Now, we want to fit a Weibull distribution with shape parameter \(a\) and scale parameter \(\sigma\) to this interval-censored data using the Ensemble Quadratic MCMC algorithm and the prior knowledge that the shape parameter \(a \sim \textrm{U}(0.01, 100)\) and scale parameter \(\sigma \sim \textrm{U}(1, 10000)\).

The likelihood function is the following:

\(L(\theta) = \prod_{i = 1}^{50} P(L_i \leq T_i \leq R_i) = \prod_{i = 1}^{50} S(L_i) - S(R_i) = \prod_{i = 1}^{50} e^{- \big( \frac{L_i}{\sigma} \big)^a} - e^{- \big( \frac{R_i}{\sigma} \big)^a}\),

where \(\theta = \begin{bmatrix} a \\ \sigma \end{bmatrix}\) and \([L_i, R_i]\) is the time interval in the life table where the \(T_i\) death occurred.

For more information about formulating the likelihood for interval censored data, please see the following journal articles:

Guure CB, Ibrahim NA, Adam MB (2013) Bayesian inference of the Weibull model based on interval-censored survival data.
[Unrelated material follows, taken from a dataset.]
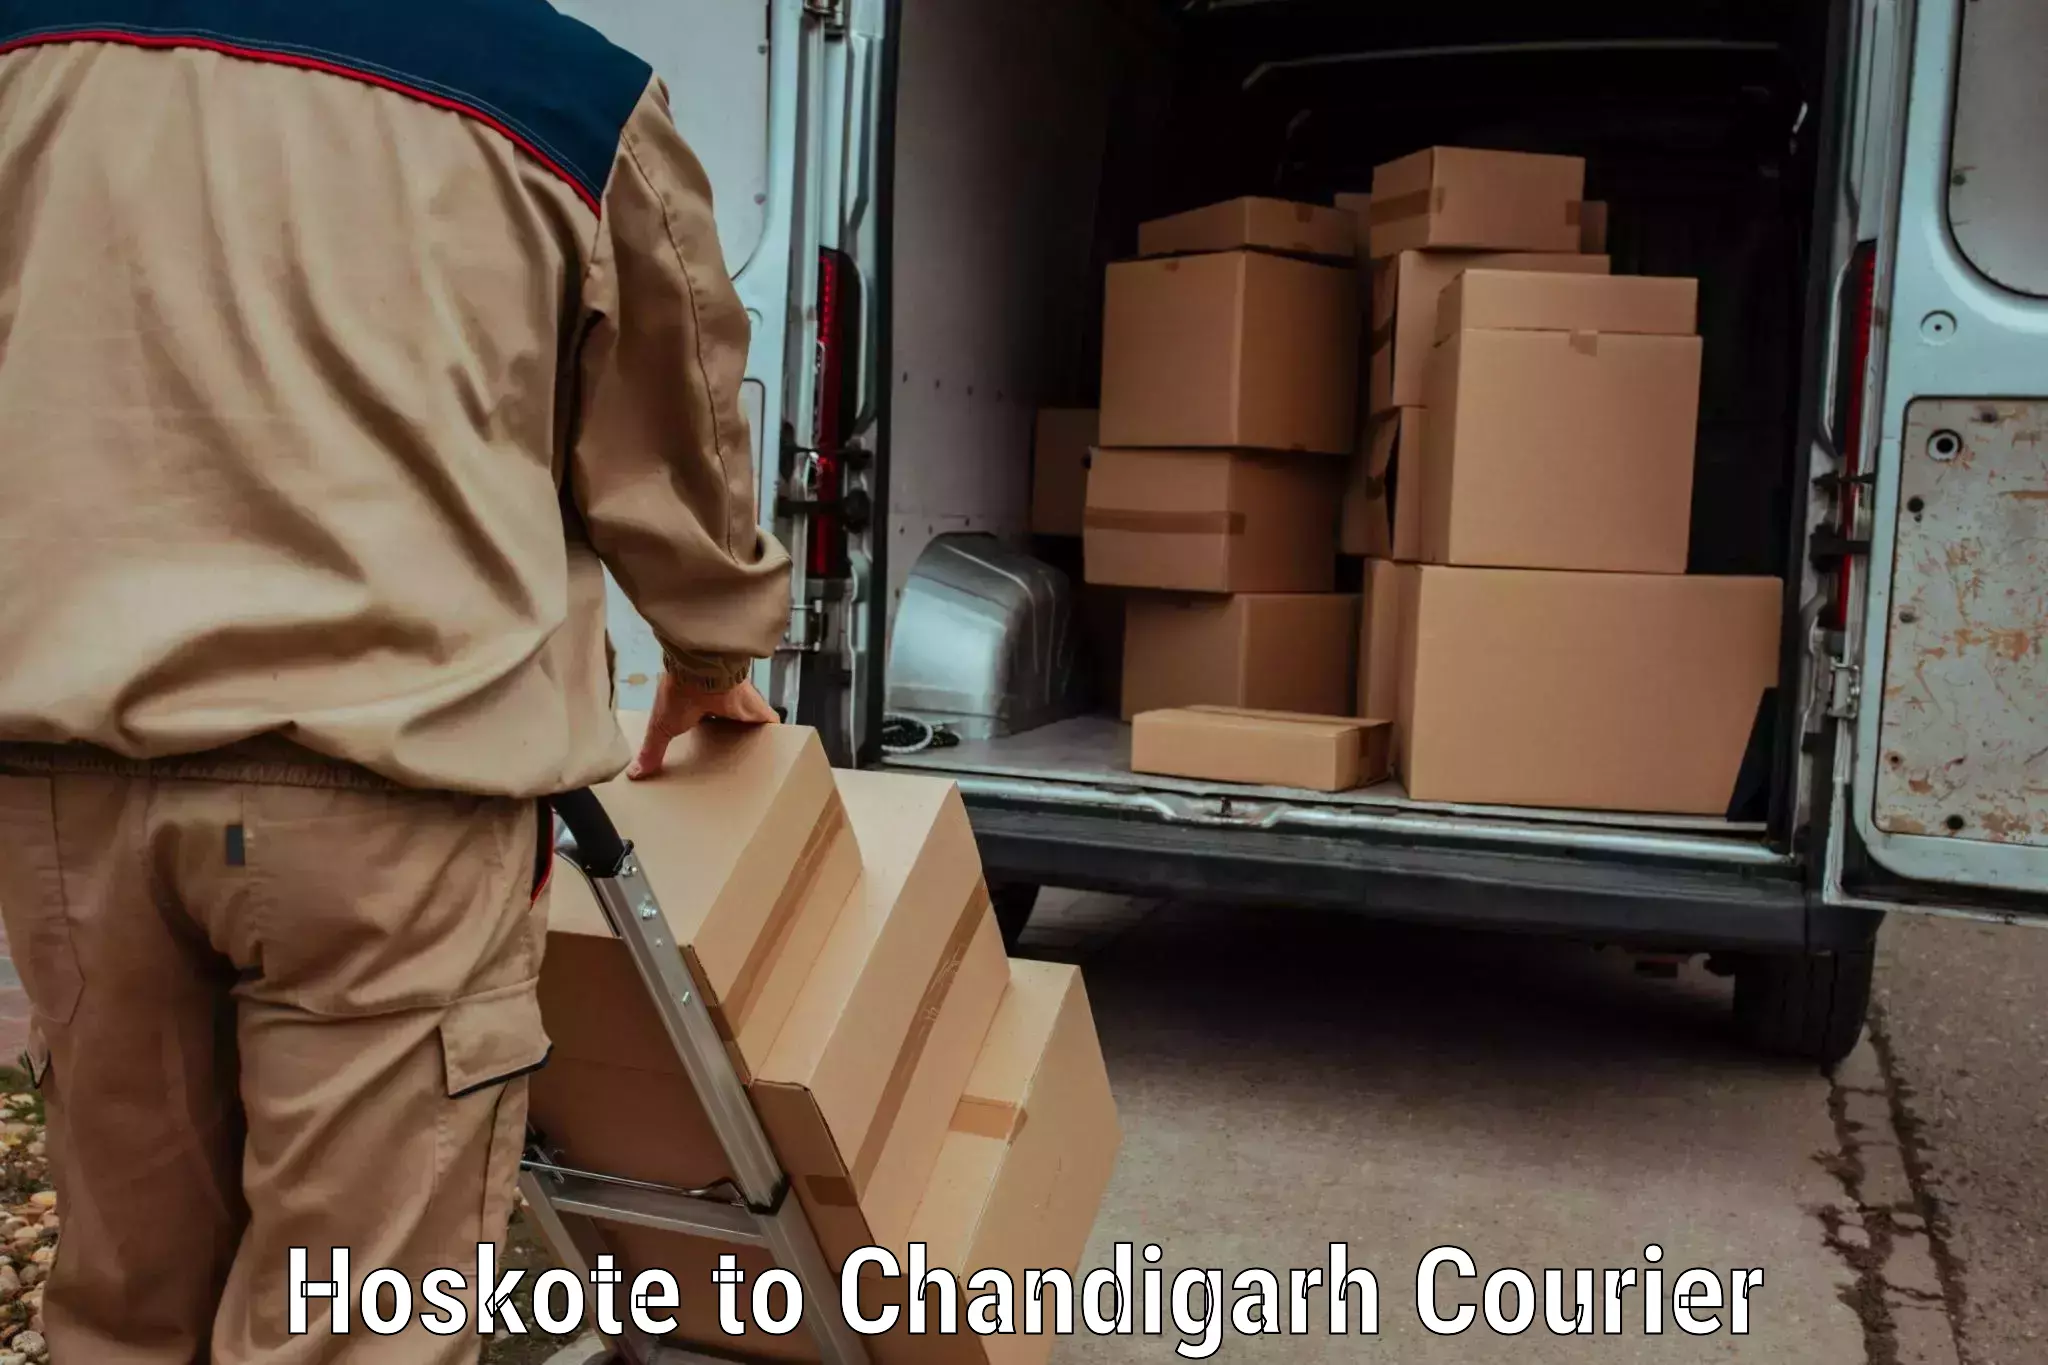 Reliable delivery network Hoskote to Chandigarh
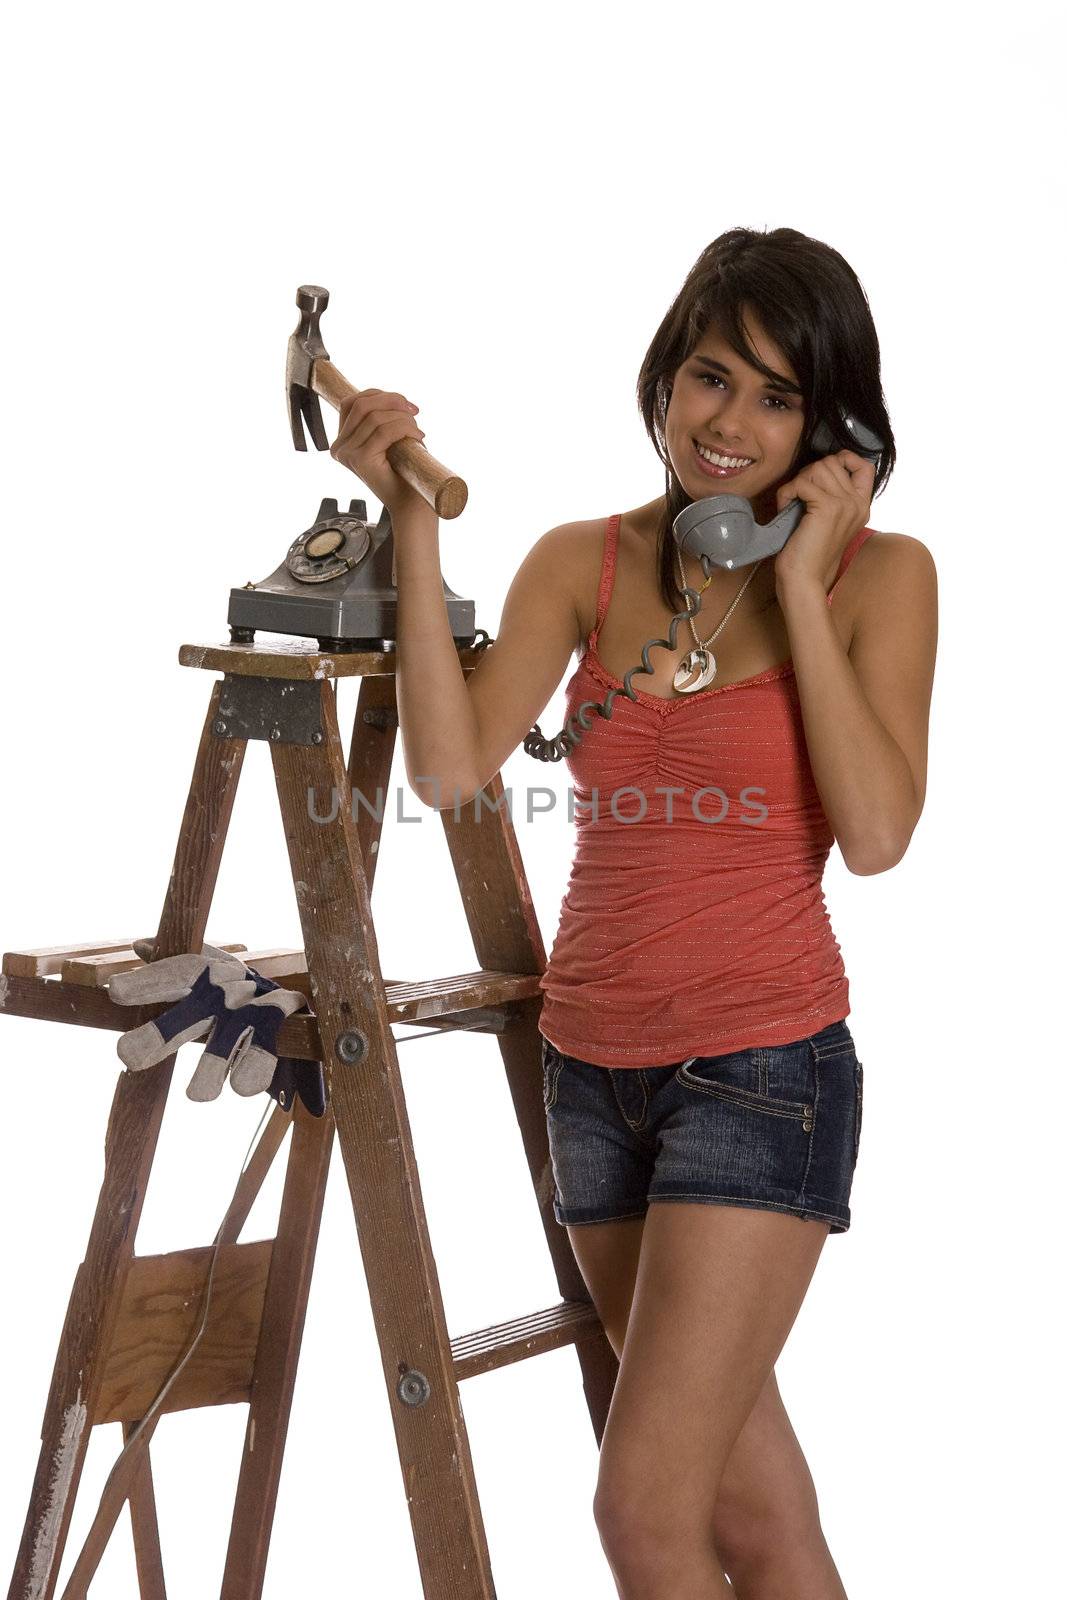 teenage girl standing on ladder talking old rotary phone with a hammer in her hand

Comput Math Methods Med. 2013:849520. https://doi.org/10.1155/2013/849520

Pan C, Cai B, Wang L (2020) A Bayesian approach for analyzing partly interval-censored data under the proportional hazards model. Stat Methods Med Res. 29(11):3192-3204. https://doi.org/10.1177/0962280220921552

The log prior function and the log likelihood function for \(a\) and \(\sigma\) are coded below.


logp <- function(param)
{
  a_shape_use = param[1]
  sigma_scale_use = param[2]

  logp_val = dunif(a_shape_use, min = 1e-2, max = 1e2, log = TRUE) + dunif(sigma_scale_use, min = 1, max = 1e4, log = TRUE)

  return(logp_val)
}

logl <- function(param)
{
  a_shape_use = param[1]
  sigma_scale_use = param[2]
  
  logl_val = 0
  
  interval_l_bound = info_use$interval_censored_df[[2]]
  interval_r_bound = info_use$interval_censored_df[[3]]
  
  for(i in 1:num_ran_samples)
  {

  logl_val = logl_val + log(exp(-1*((interval_l_bound[i]/sigma_scale_use)^a_shape_use)) - exp(-1*((interval_r_bound[i]/sigma_scale_use)^a_shape_use)))
    
  }
  
  if(is.na(logl_val) || is.infinite(logl_val))
  {
    logl_val = -Inf
  }

  return(logl_val)
}

logfuns = list(logp = logp, logl = logl)

It is recommended to use at least twice as many chains as the number of parameters to be estimated. Since there are two parameters to be estimated in this example, four MCMC chains will be used in the Ensemble Quadratic MCMC algorithm.

Next, initial guesses are proposed for each of the four MCMC chains and the following while loops ensure that the initial guesses for each of the four MCMC chains produces a log unnormalized posterior density value that is not NA or infinite.

num_par = 2
num_chains = 2*num_par

theta0 = matrix(0, nrow = num_par, ncol = num_chains)

temp_val = 0
j = 0

while(j < num_chains)
{
  initial = c(runif(1, 1e-2, 1e2), runif(1, 1, 1e4))
  temp_val = logl(initial) + logp(initial)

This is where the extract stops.